Em Silva, M. (2012, 229-233), o autor volta a tratar da questão, ampliando, de certa forma, suas considerações na problematização e na abordagem que realiza. Escreve que “refletir sobre o tempo do lúdico implica, em contrapartida, pensar as contradições que se travam entre conformismo, transgressão e resistência política”. Nesse movimento, não se pode abrir mão da realidade, de como e por que as pessoas experimentam o real, o que leva à consideração de que, com base nisso, a vida social comporta a produção do lúdico, numa construção cuja base é estruturada a partir de “pares dialéticos”, entre outros: “quantidade e qualidade, objetividade e subjetividade, repetição e criatividade, monotonia e motivação, conformismo e resistência, consenso e conflito, [...] teoria e prática, alegria e tristeza, prazer e desprazer [...]” (SILVA, M., 2012, 229-230). O autor ainda afirma que, “subjacente ao que se convenciona chamar no capitalismo de tempo do ‘lúdico’ ou tempo de ‘lazer’, está o tempo da produção, intimamente ligado ao tempo mercantil e de circulação da troca, que forja o conceito de tempo de giro do capital” (SILVA, M., 2012, p.230). Isso nos leva a questionar se o lazer será sempre lúdico ou tempo do lúdico por excelência, sobre o que Silva, M. (2012, p.232) escreve: “o lúdico não é sempre festa, prazer, alegria, relaxamento, criatividade e liberdade, considerando que estes aspectos nunca são vividos plenamente na sociedade capitalista”. Pode-se dizer que esses são aspectos que estariam relacionados, intimamente, ao lazer e que este não seria algo que se poderia viver plenamente nesse mesmo contexto.

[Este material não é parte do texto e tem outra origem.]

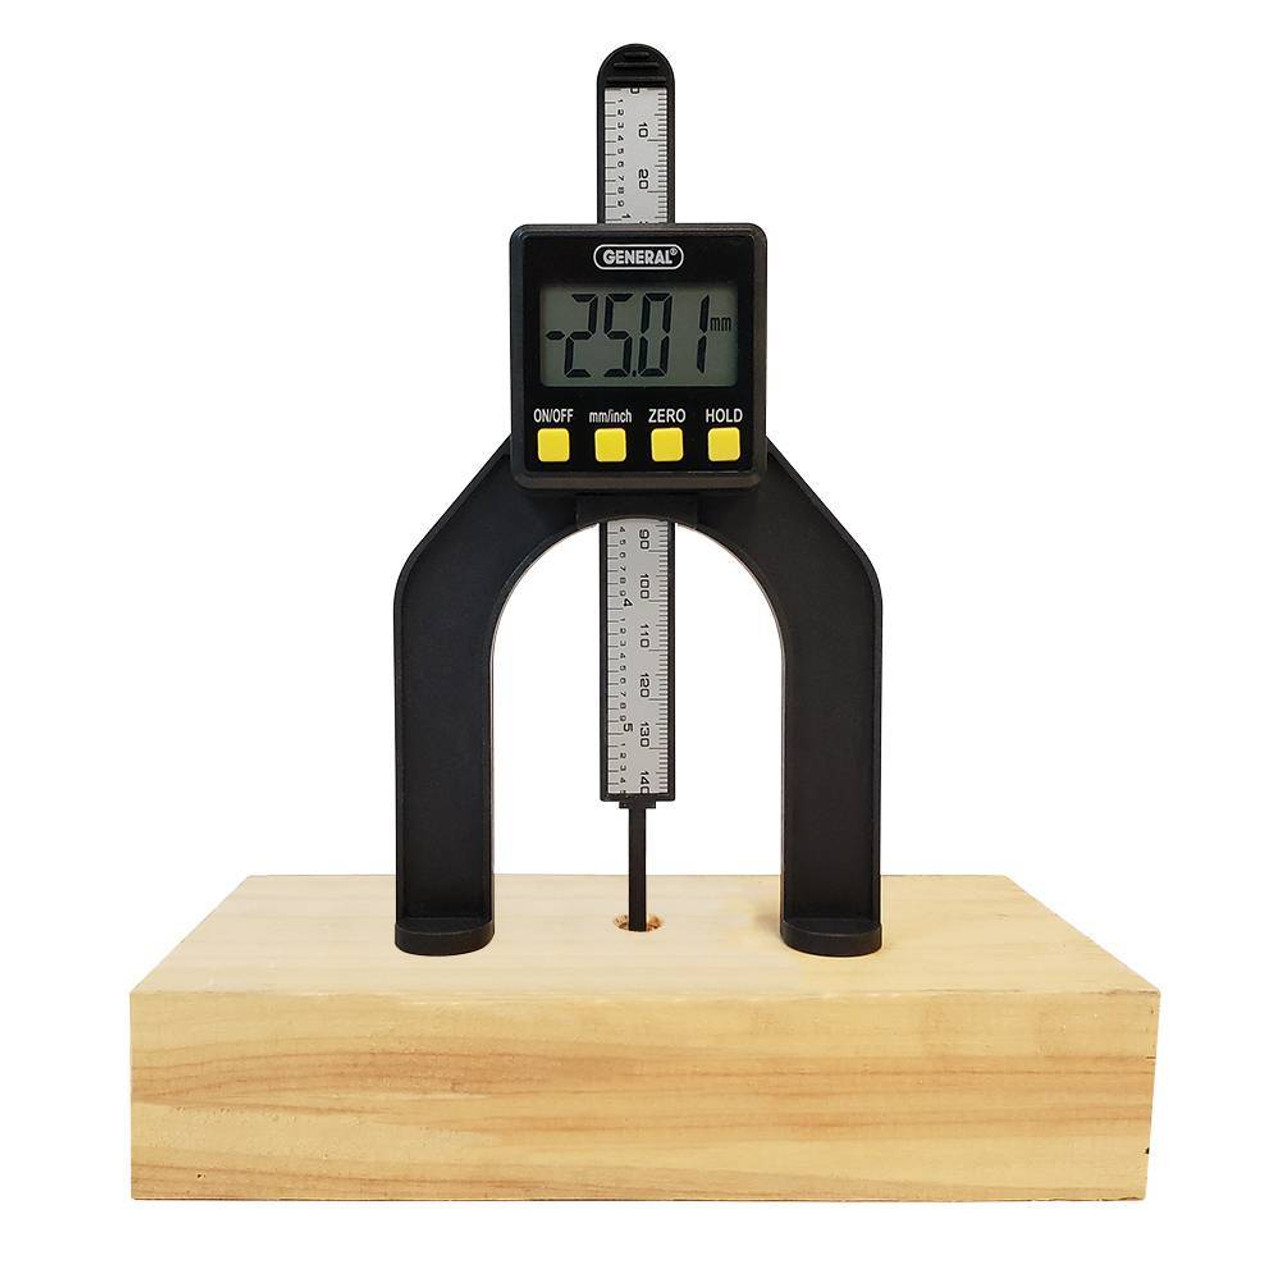 General Digital Height Gauge, Self-Standing, Magnetic,Inches/Millimeters & Detachable Plunger 150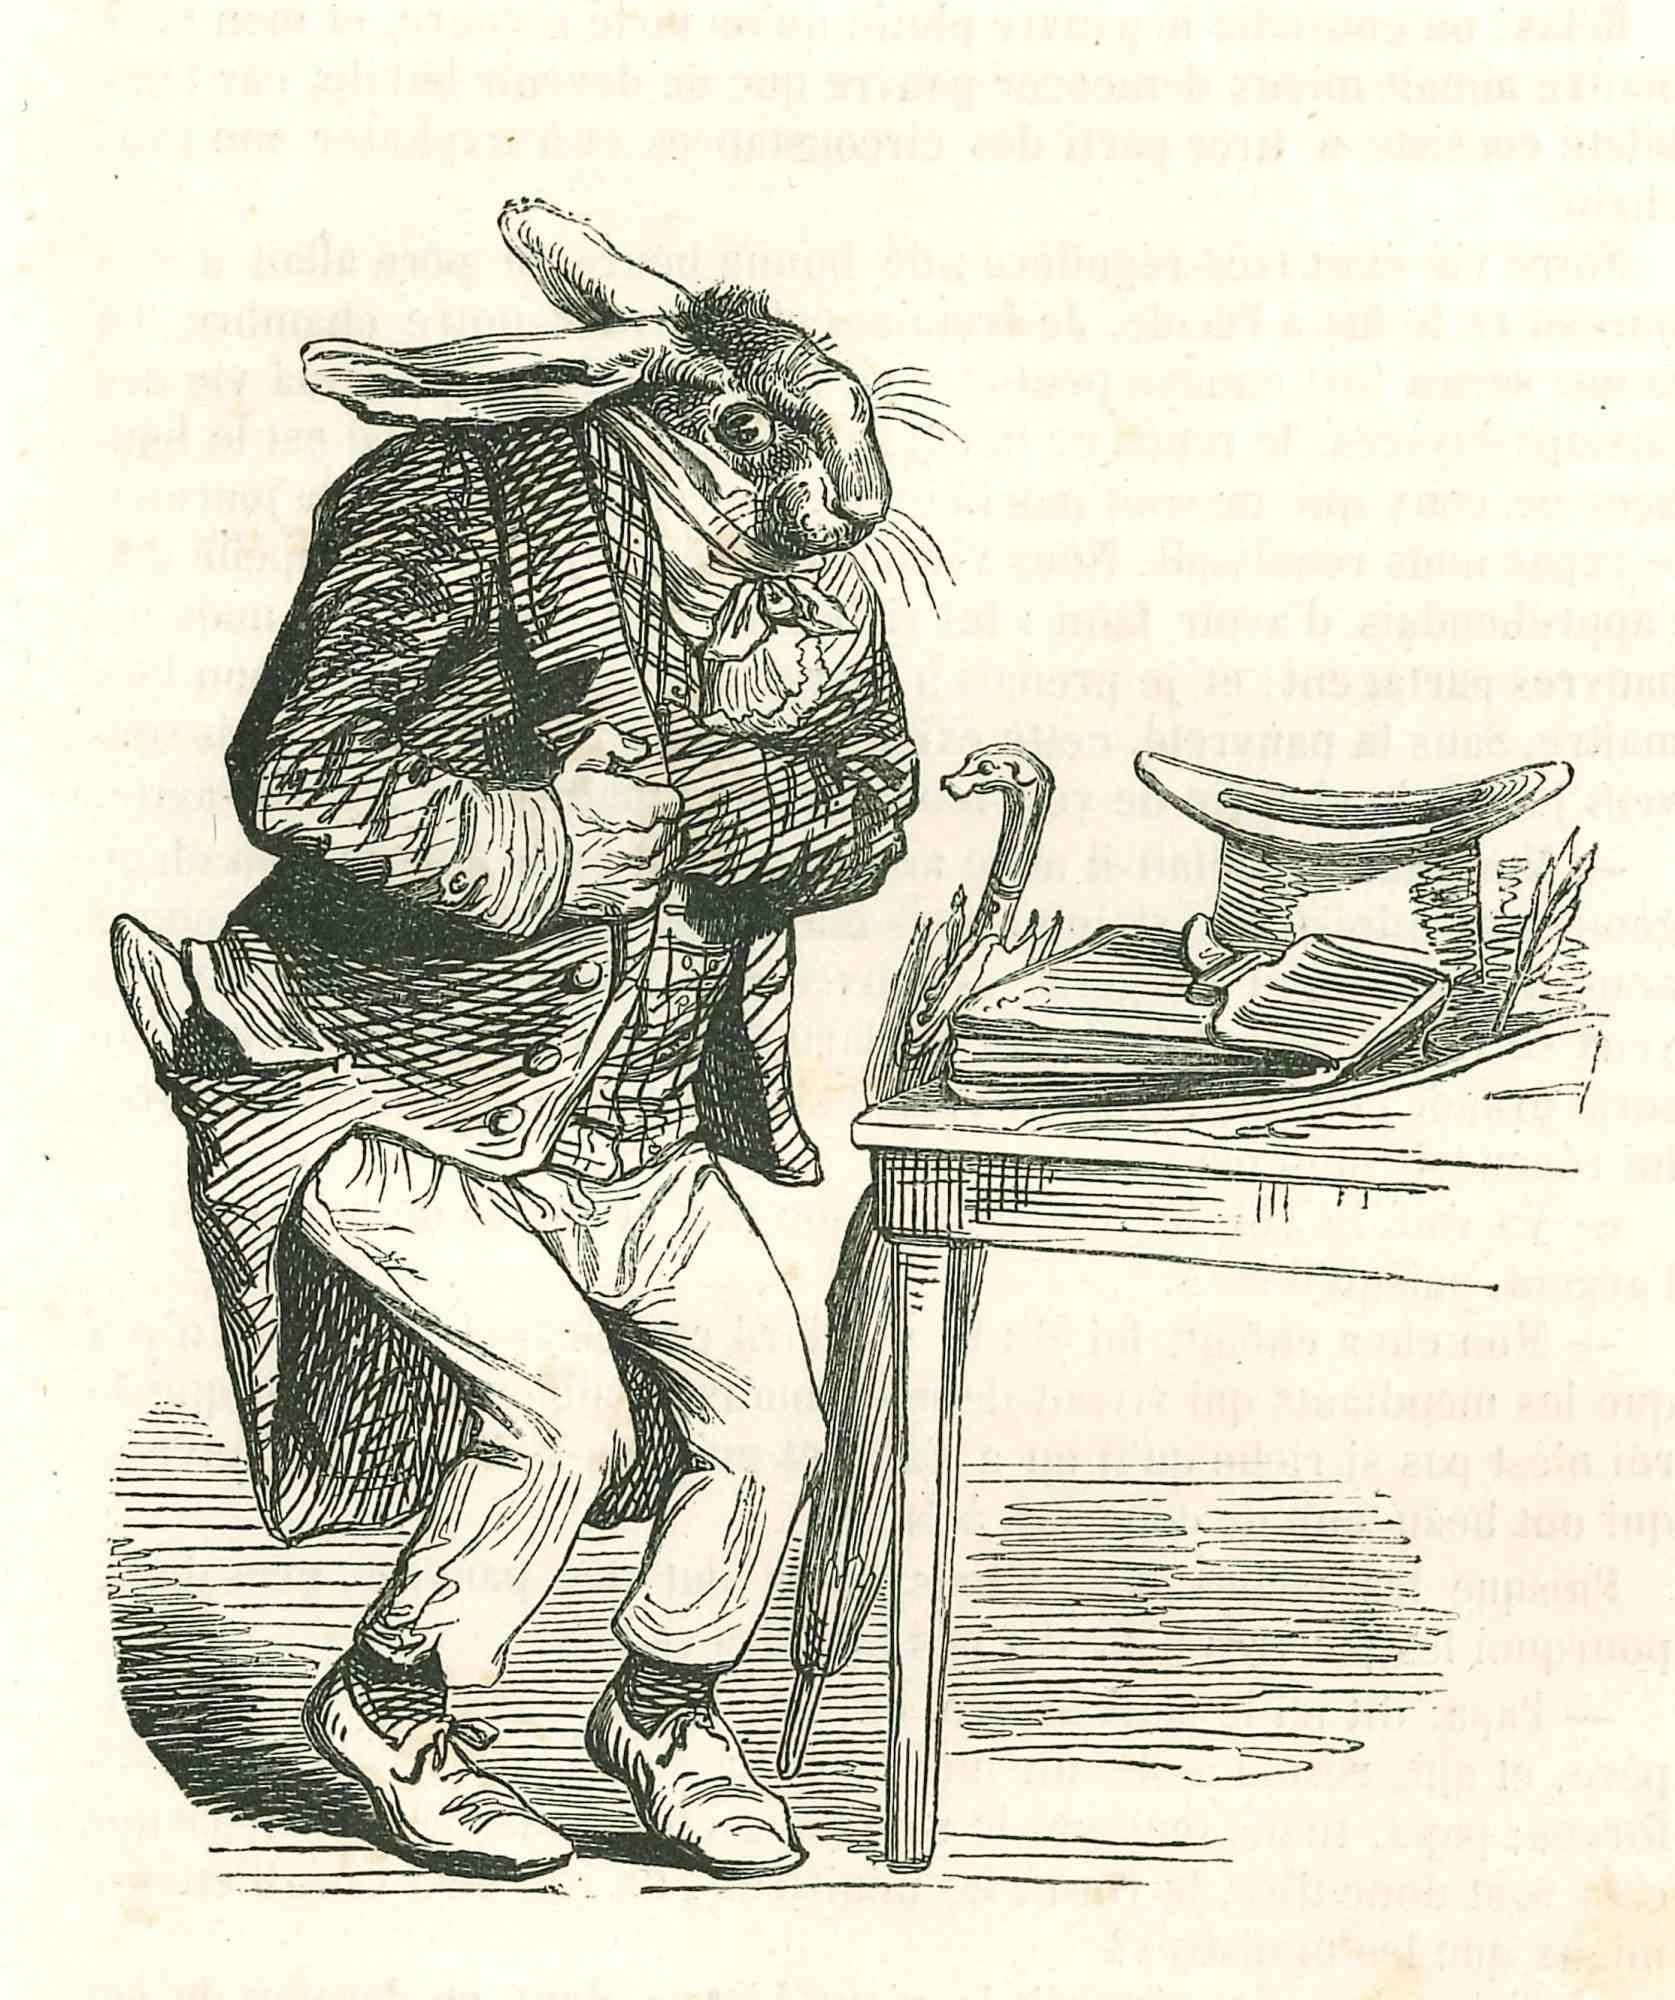 The Lawyer Bunny In A Hurry - Lithograph by J.J Grandville - 1852

As considerações de Pinto (1998) e Silva, M (2001), por sua vez, não permitem o desvio do que indica Eco (1989) em termos de que o lúdico materializar- se-ia como construção social no jogo, no jogo que nos joga. A provável idealização de um devir, de uma situação na qual o lúdico ocuparia um lugar significativo nas ações e no imaginário dos sujeitos que jogam e/ou constroem sua própria realidade não resiste à constatação de que essa mesma realidade, uma vez materializada, não teria sido constituída sem os conflitos e as contradições das relações sociais perpassadas por uma racionalidade não só produtiva e atravessada pelo valor da mercadoria e do dinheiro, mas também eivada no arcabouço político-ideológico que

lhe dá sustentação. Em outras palavras, o prazer e a alegria do lúdico na construção da realidade vibram na mesma medida da tensão e das lutas para alargar limites e possibilidades de produzir a própria existência diante da formação social dominante, capitalista por excelência.